Most of the bolted routes in the Dierkes Alcove are 20+ years old and some bolts do need to be checked / replaced.

Options:
1. Replace suspect bolts on popular routes.
2. Replace chain anchors with quick-clip anchors on popular routes.
3. Put up new routes.
4. Use the $ on routes just at Dirks - or also other areas?
5. Other ideas?

Thanks!
Dave Bingham

M Sprague · · New England · Joined Nov 2006 · Points: 5,090

I'm not local, but I wouldn't suggest putting the money into Quickclips. They are expensive and encourage TRing directly through the anchor, so get worn out quickly. Just use something like 4-1/2" quicklinks on the anchors, or one quick link with a single link of heavy chain (1/2") below on each bolt: they work well, are fairly cheap and are easily replaceable. I would think replacing bad bolts should be a priority.

I'm mixed on using publicly generated cash for new routes. As a new router myself, obviously it is nice and very helpful when people donate to help me along, as it does get very expensive. A little financial pain does help keep the urge to put up a mediocre route in check though and save the bolts for a real classic.

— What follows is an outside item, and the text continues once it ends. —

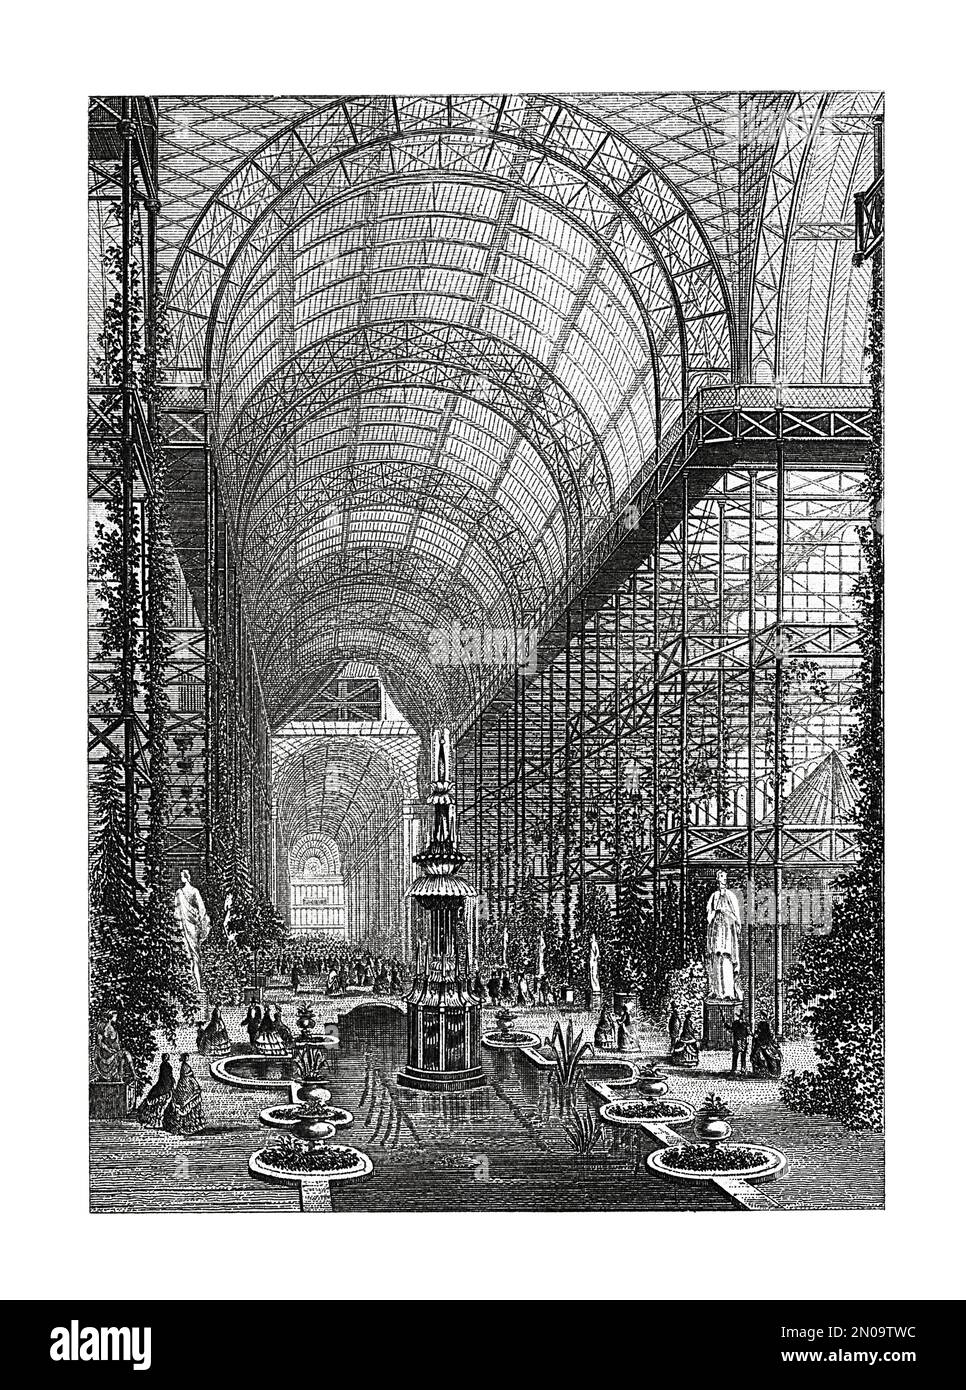 Incisione del 19th° secolo raffigurante il Crystal Palace di Londra. Illustrazione pubblicata in Systematischer Bilder Atlas - Bauwesen, Ikonographische Encyk Foto Stock

If you have some new routers who naturally have that self discipline, but are short on cash, than fine, but if routes are going in that are so so I think your community will be better served using the cash for upgrading old gear with better quality camoed stuff.

Ian Cavanaugh · · Ketchum, ID · Joined Sep 2010 · Points: 620

I would spend it on replacing old bolts and anchors. I too would suggest not using the quick-clips for the reasons mentioned. I have always preferred rap rings. I might also suggest buying beer and lunch for a trail maintenance crew. Nice work on getting the money.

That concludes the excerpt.